1. Identifier Structure

pikaid structure

  • Timestamp (7 chars): seconds since 1970-01-01T00:00:00Z (UTC), Base36-encoded and left-padded to 7 chars.
  • Randomness (19 chars): 96 bits from a cryptographically secure generator, Base36-encoded and left-padded to 19 chars.

1.1 Binary Layout (BINARY(17))

Pikaid also has a compact 17-byte binary representation for storage efficiency and high-performance indexing in databases.

Layout (big-endian):

Byte Range Description Size Notes
0..4 Timestamp (seconds) 5 B Unsigned 40-bit integer, big-endian
5..16 Randomness (entropy) 12 B 96 bits of cryptographically secure data
  • Ordering guarantee: Binary lexicographic order equals chronological order by second.
  • Compatibility: The binary form is a 1:1 mapping of the 26-character string and supports round-trip conversion.
  • Timestamp range: Fully supports the same range as the string form — up to year ~4453 (matching the 7-character base36 timestamp).
  • Randomness: Always 12 bytes (96 bits), exactly matching the entropy in the string form.

2. Why Each Design Decision?

2.1 Alphabet: Standard Base36, Lowercase

  • Decision: use 0–9 and a–z, all lowercase.
  • Rationale: every developer knows Base36; no custom lookup tables; consistent with hex defaults.
  • Benefit: Pikaid values sort correctly in any database (MySQL, MariaDB, PostgreSQL, etc.) using native lexicographical ordering—no casting or extra functions needed.

2.2 Timestamp Length: 7 Characters

  • Decision: 7 Base36 chars representing seconds since epoch UTC, left padded.
  • Rationale: seconds precision for accurate sort order; 7 chars covers up to year ~4453, far beyond any foreseeable need.

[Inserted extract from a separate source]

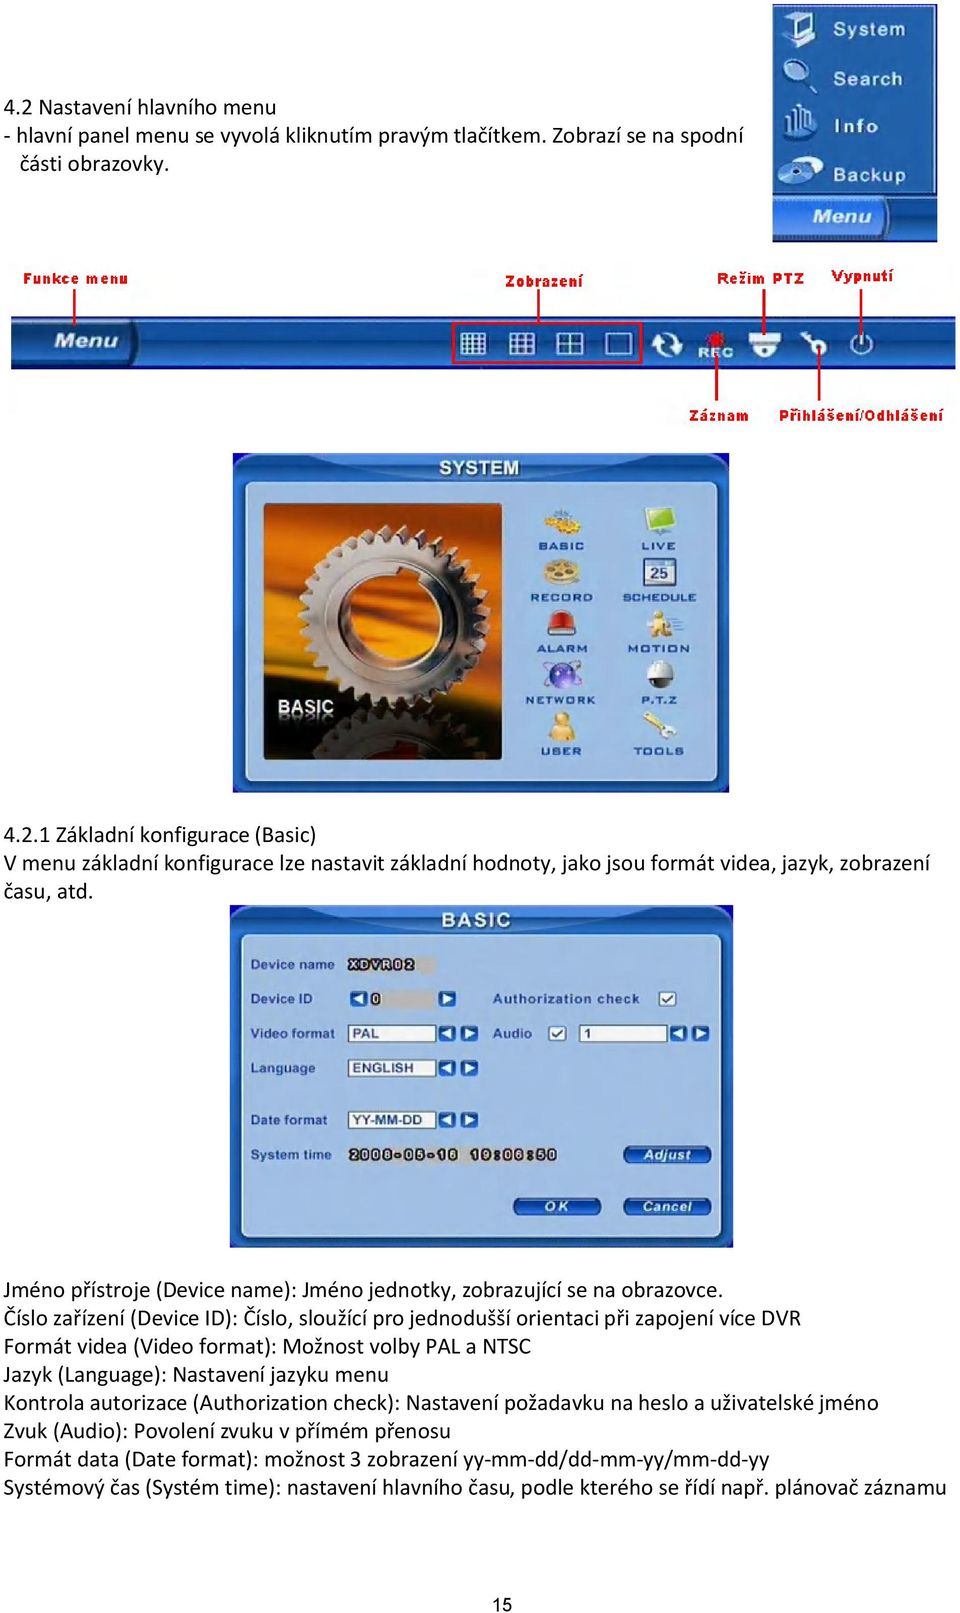 Číslo zařízení (Device ID): Číslo, sloužící pro jednodušší orientaci při zapojení více DVR Formát videa (Video format): Možnost volby PAL a NTSC Jazyk (Language): Nastavení jazyku menu Kontrola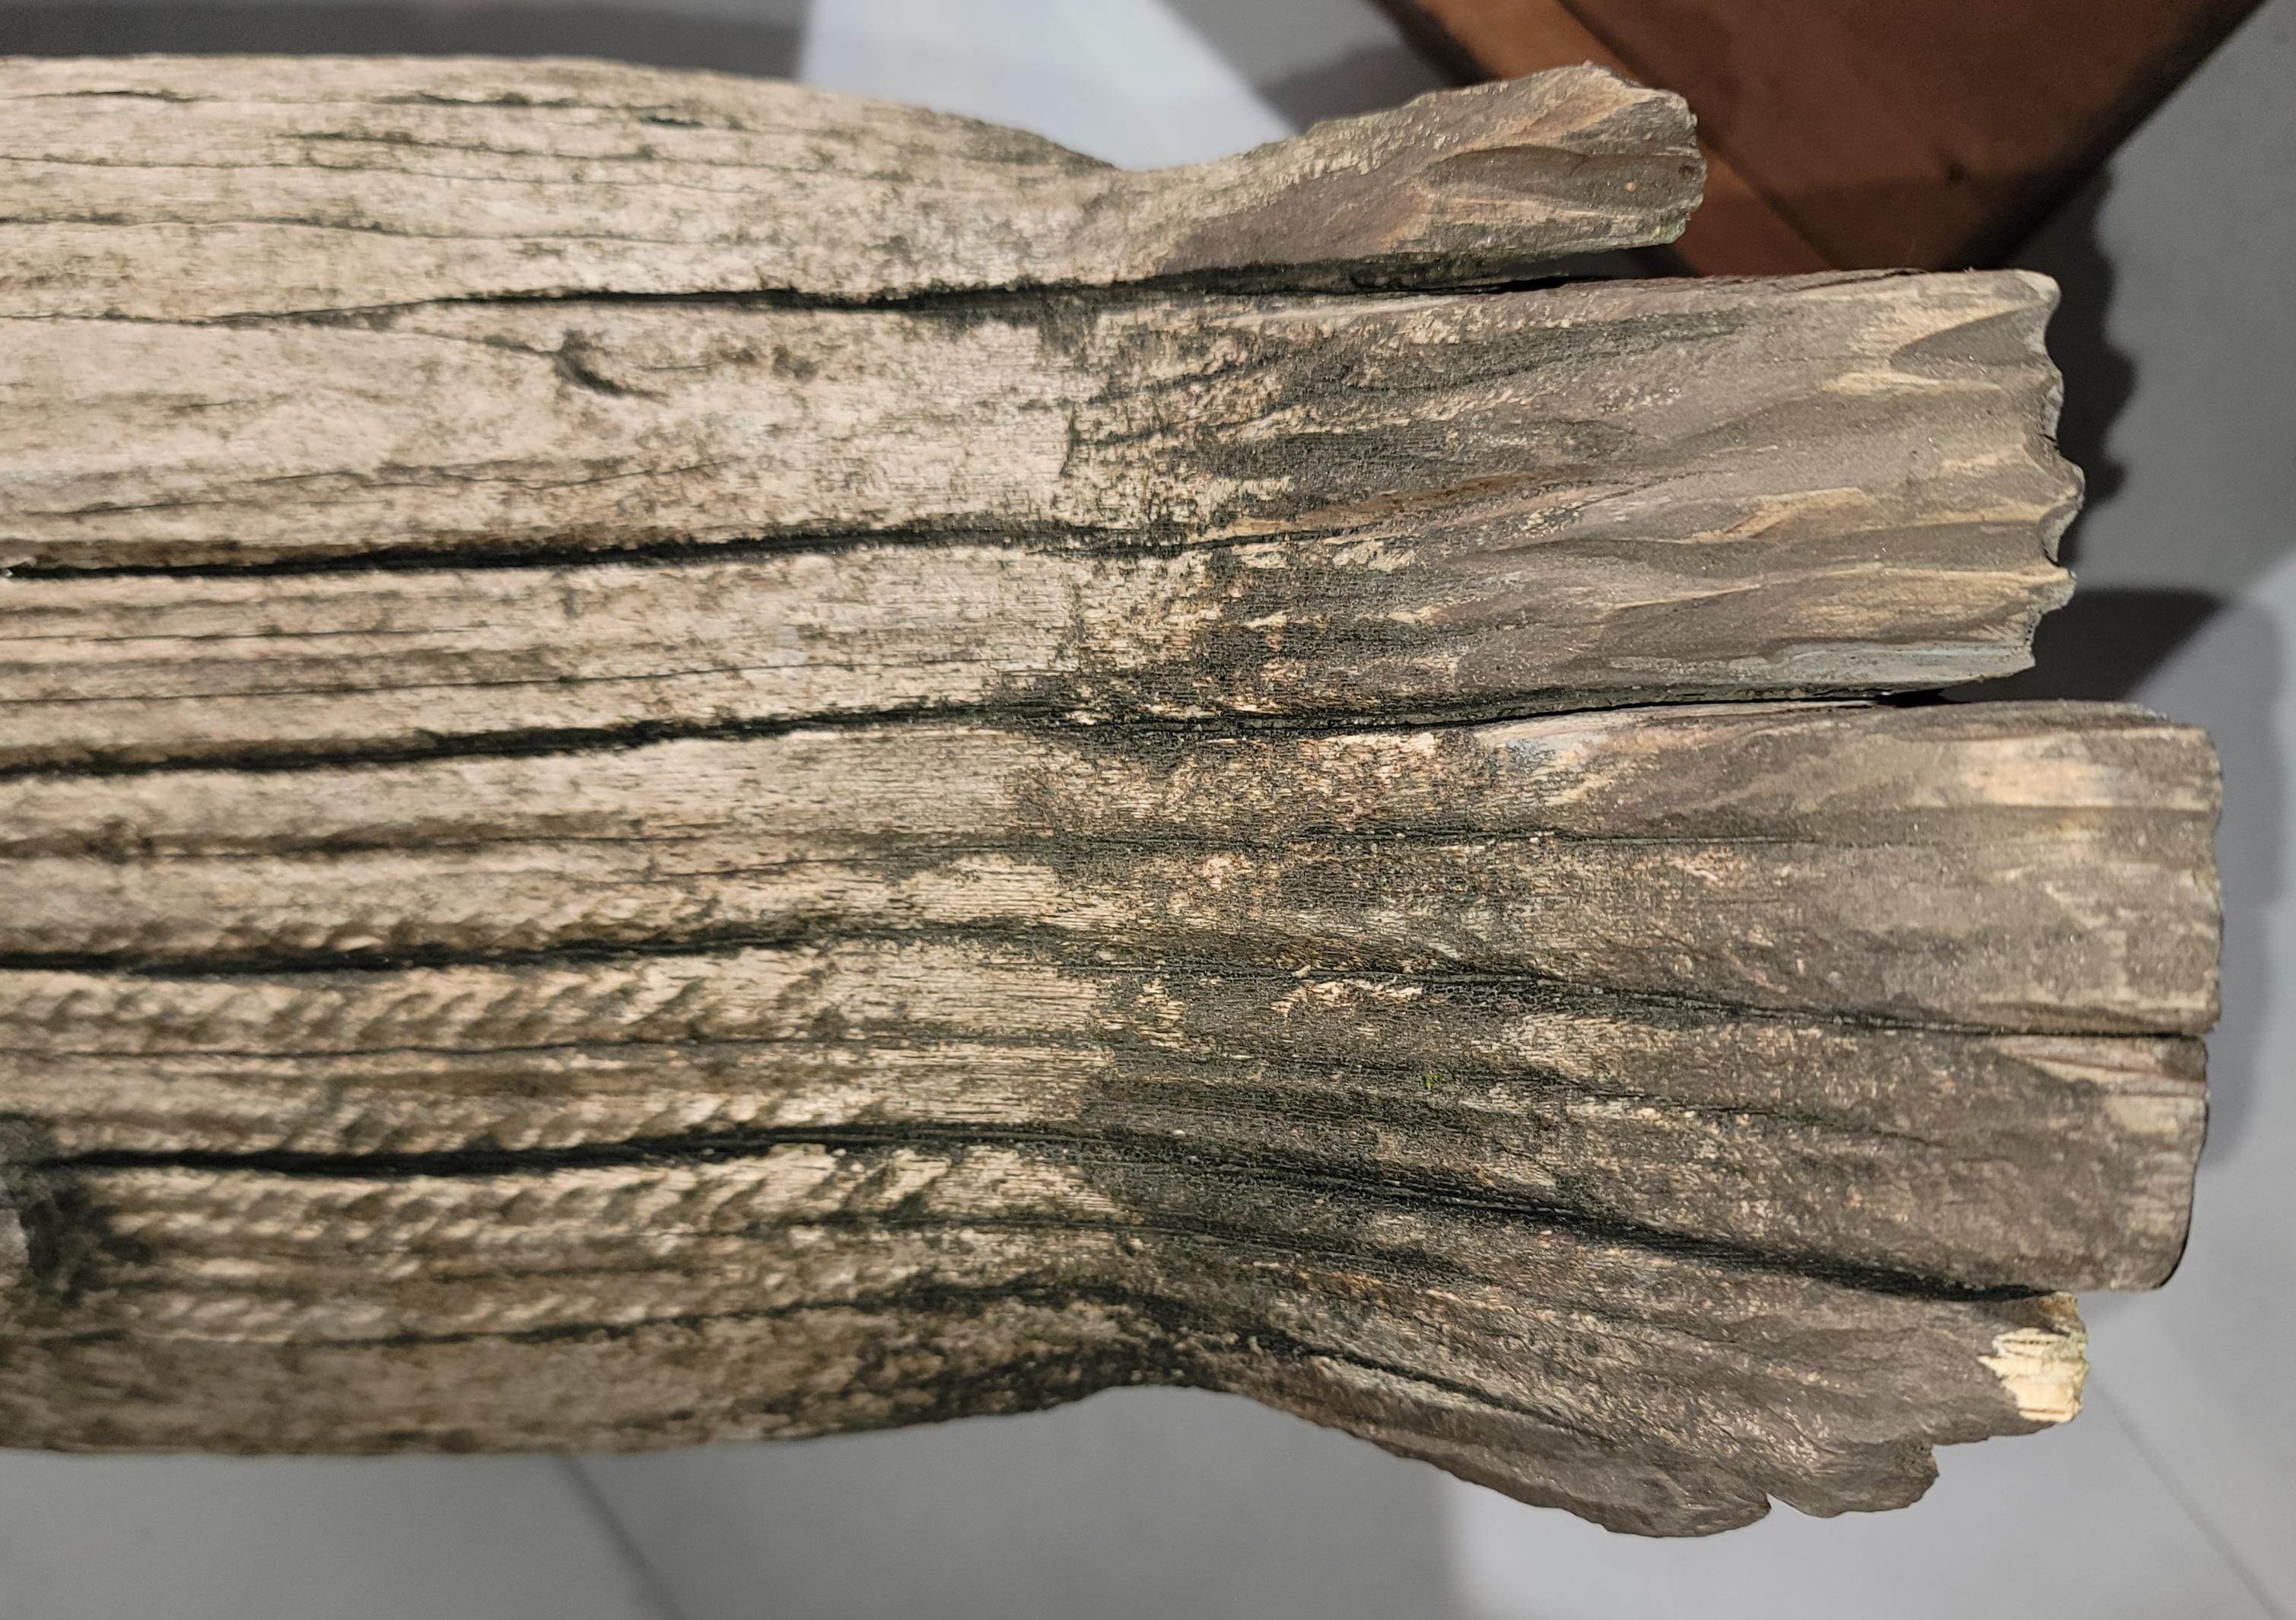 Ce leurre canadien est sculpté à la main à partir d'une seule pièce de bois.Cette oie conserve sa surface extérieure ou patine d'origine.Remarquez la perte de bois et la patine vieillie.

Left padded to keep proper sorting.

2.3 Randomness: 96 Bits

  • Decision: 12 bytes → exactly 96 bits of entropy, encoded in 19 Base36 chars.
  • Rationale: 36¹⁹ ≈ 2.27×10²⁹ possibilities; the 50% birthday bound is around √36¹⁹ ≈ 1.51×10¹⁴ IDs, which is far beyond any realistic generation rate.

2.4 No Separators or Checksum

  • Decision: a continuous 26-char string without dashes or extra checks.
  • Rationale: minimal overhead; 96-bit entropy makes accidental typo collisions virtually zero.

2.5 Implicit Versioning by Length

  • Decision: rely on total length (26) to identify v1. Eventual future versions with different bit budgets will simply differ in length.
  • Rationale: avoids in-band flags; parser distinguishes by known lengths.

3. Parsing & Validation

To parse a pikaid string:

  1. Length check: must be exactly 26 chars.
  2. Character check: match /^[0-9a-z]{26}$/.
  3. Split: first 7 chars = timestamp, next 19 chars = randomness.
  4. Decode timestamp: Base36 → integer seconds → timestamp object.
  5. Error: throw or reject on any invalid input.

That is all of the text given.